Segment 1 (195% higher engagement compared to industry average): Couples with an average household income of $150,000 or more, ages 51-65, who live in metropolitan markets and have taken a cruise vacation within the last three years. AdTheorent CEO Anthony Iacovone said the age skewed higher than the company’s team would have guessed. “We would’ve said 35-44. But the machine doesn’t lie.”

 

Segment 2 (179% higher engagement compared to industry average): Mothers who are electronics early adopters, health and fitness enthusiasts and theme park visitors.

 

Other key takeaways include:

 

    Rich media drove strong ad engagement in Q3 — 76% higher than the industry average. Secondary ad engagement within rich media units was 362% higher than the industry average.

    Apps outperformed mobile Web by 37%.

    Photo/Video apps delivered 431% higher engagement than entertainment apps.

    Females slightly outperformed males, delivering a 12% higher engagement rate.

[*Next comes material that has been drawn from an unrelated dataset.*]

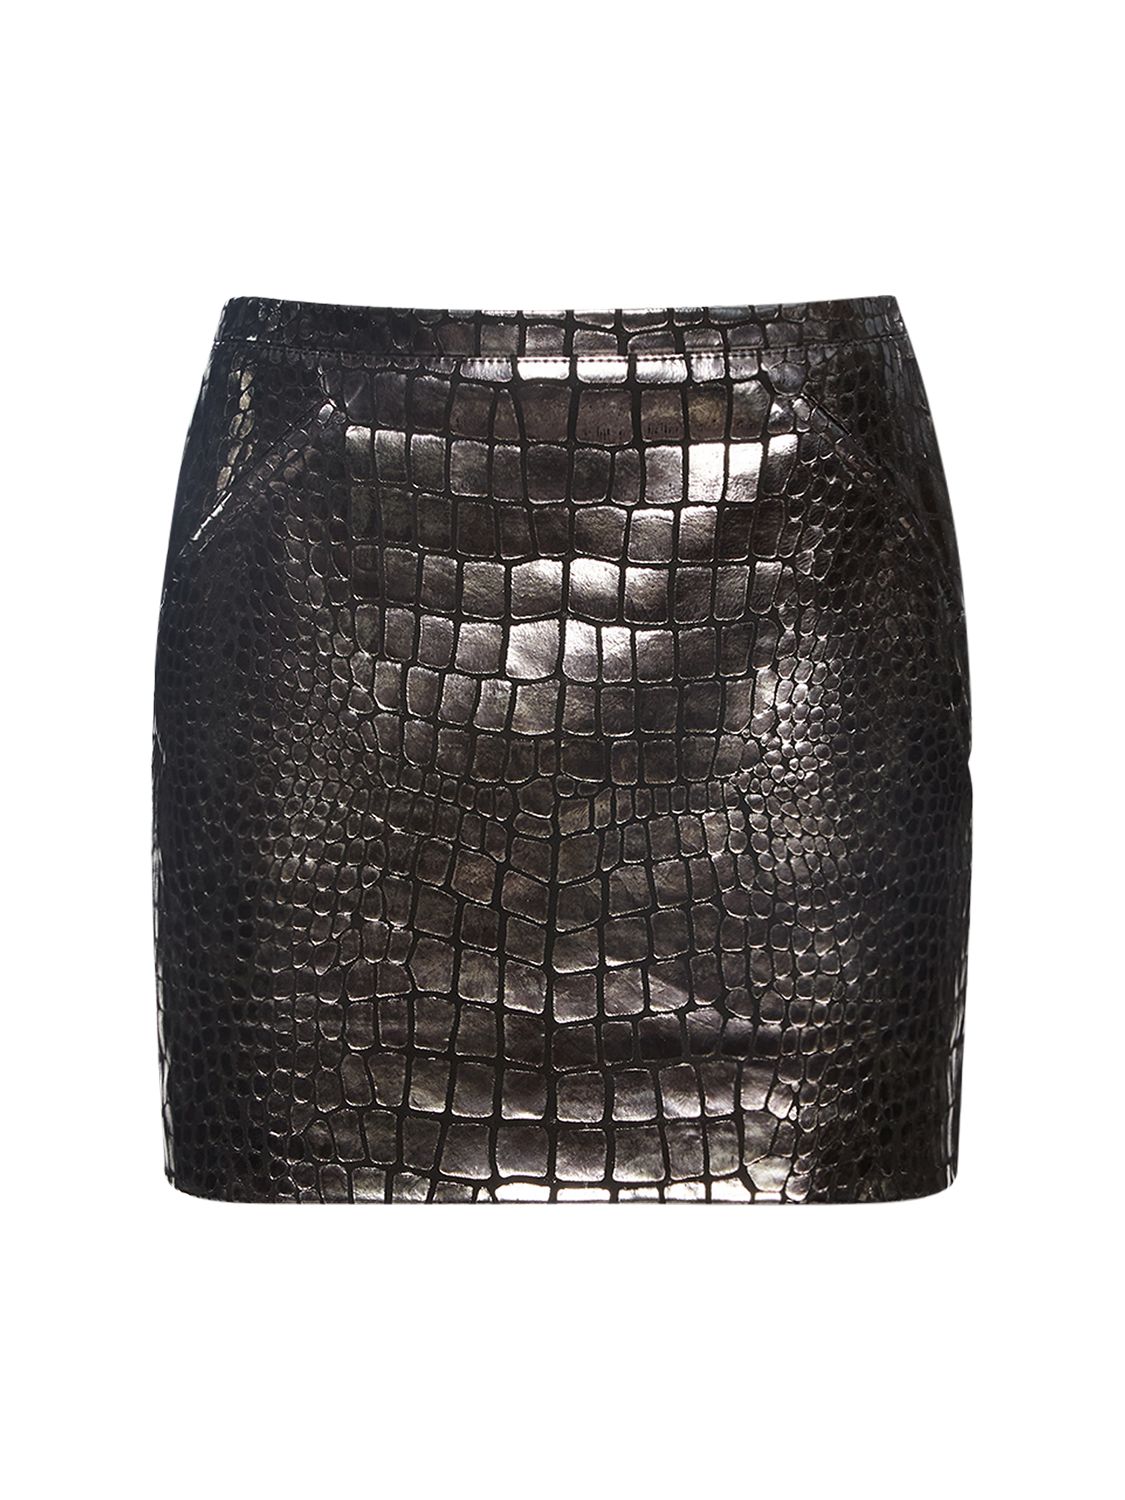 Croc Embossed Laminated Leather Skirt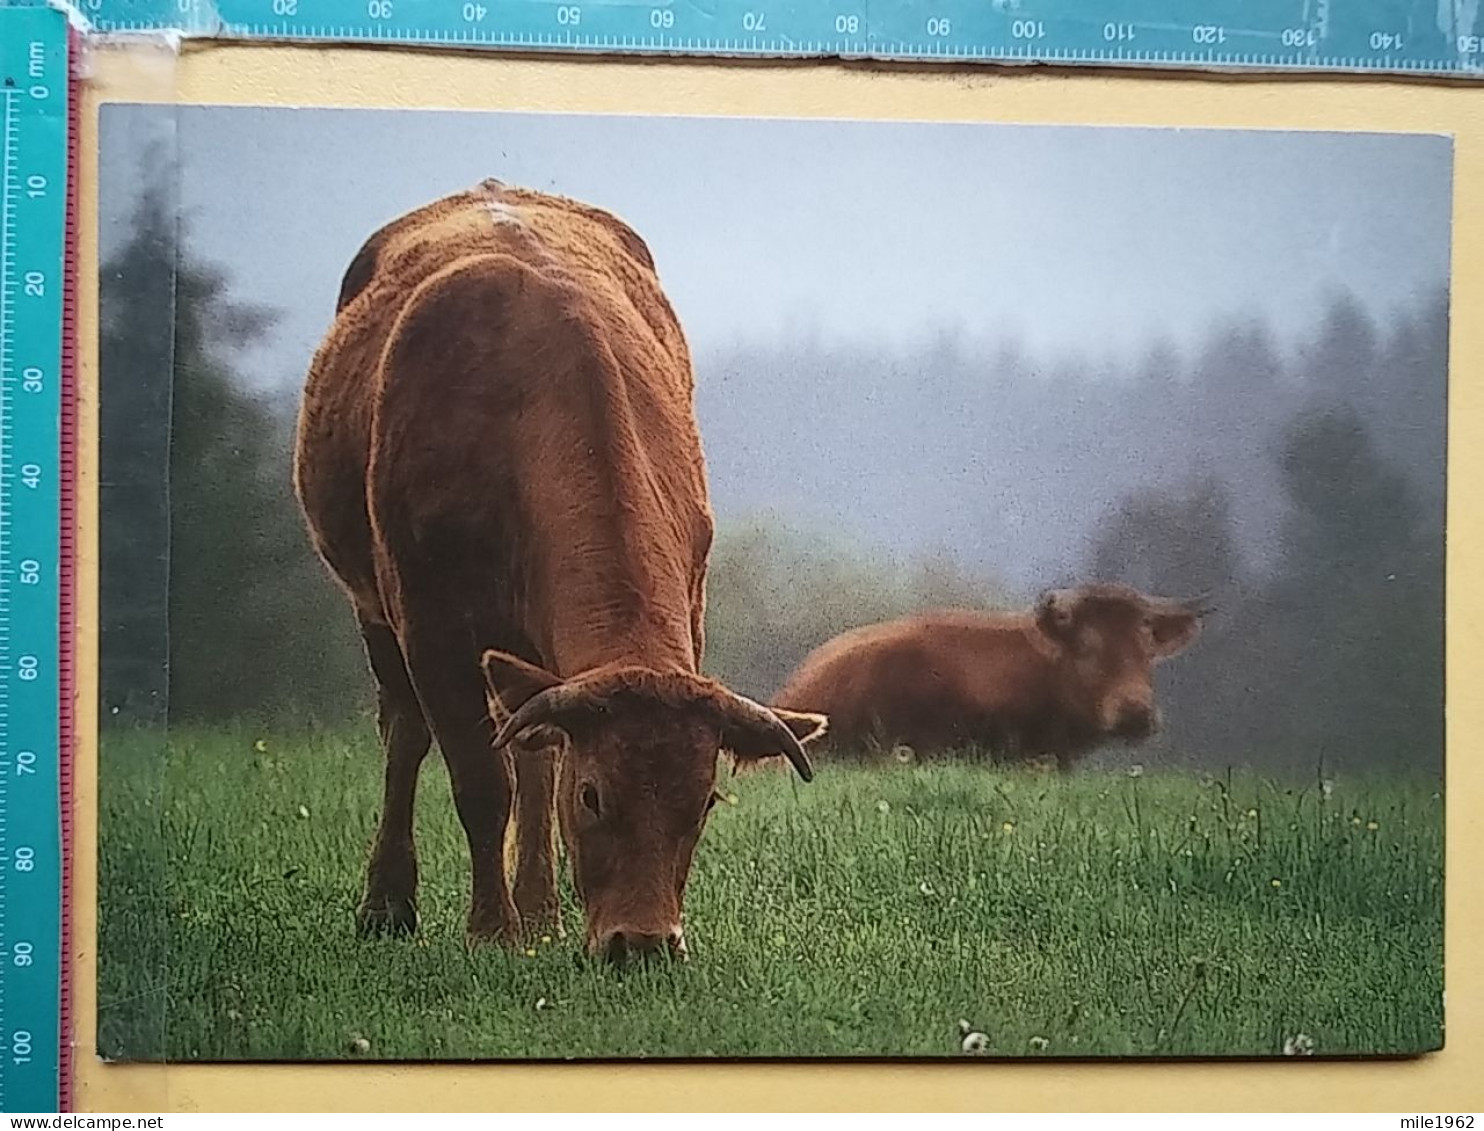 KOV 506-31 - COW, VACHE  - Kühe

    Social apps outperformed sports apps by 203%. “The surprise was we didn’t find those audiences engaging at scale in sports,” Iacovone said. “When you think of wine, spirits, beer ads you’d think sports. But we actually see the reverse. Sports isn’t driving the needle like others.”

 

Each quarter, AdTheorent uses its tech to aggregate impressions across a specific vertical and sift through the data for insights.

 

“In machine learning, you let the system find the segment for you,” said Iacovone. After a campaign’s first week, the system collects ad interactions in real-time. After about 100 conversions, a predictive model is deployed. The tech writes a script specifying which characteristics to look for, and the more the model is used, the more it hones in on the top-performing audience.

 

“At the end of the day, the system removes any sort of bias or assumption,” said Jason Han, AdTheorent’s senior director of data and analytics. “It allows the data to speak for itself.”